- 1
- 2
Максим Горький
Идиллия
В маленькой комнатке с низким, закопчённым потолком слабо мерцает лампада пред божницей в углу. Её дрожащий свет родил на стенах неустанно трепещущие, пугливые тени, и они, ползая вверх и вниз, то покрывают собой, то открывают яркие, дешёвые картинки, изображающие «Страшный суд», «Путь праведника и грешника» и другие ужасы в этом роде, иллюстрирующие достоинства добродетели и недостатки порока.
Кроме мерцания лампады, в комнату входит ещё длинная полоса света откуда-то извне, сквозь стекло четырёхугольного отверстия в низкой, обитой клеёнкой двери. Эта полоса ложится светлой тропой на пол, покрытый холщёвым половиком, и уходит под стол.
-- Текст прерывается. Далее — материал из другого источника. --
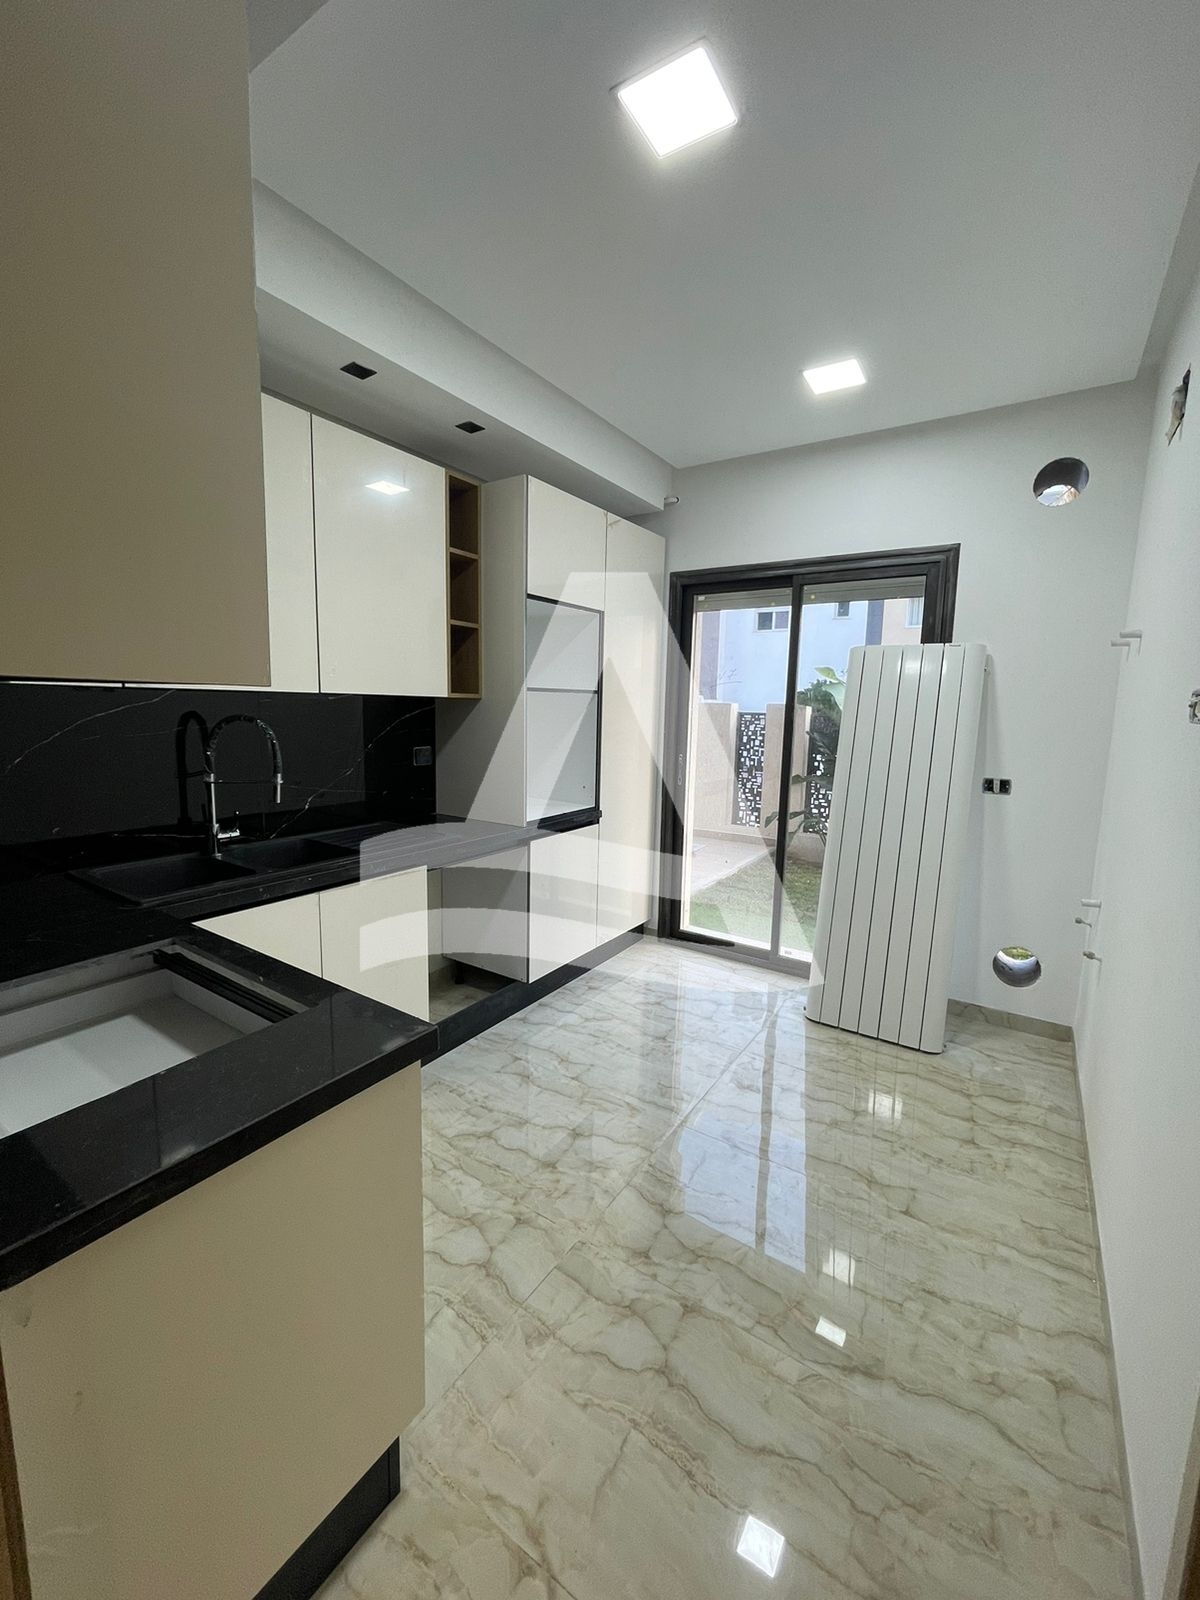 location appartement s+2 neuf a ain zaghouen nord image 2

Пахнет деревянным маслом и ещё чем-то, таким же тяжёлым. Вся комната тесно заставлена. По одной её стене стоит широкая двуспальная кровать, за спинкой кровати – громадный, покрытый ковром, сундук, потом божница. У другой стены помещается неуклюжий, старинный комод, рядом с ним опять большой сундук, за ним – стол, а между столом и дверью на стене висит гора одежды. Впереди, у широкого окна, стоит ещё стол, два стула по бокам его, один посредине, на столе лампа, две рамки с портретами и толстая книга в коже.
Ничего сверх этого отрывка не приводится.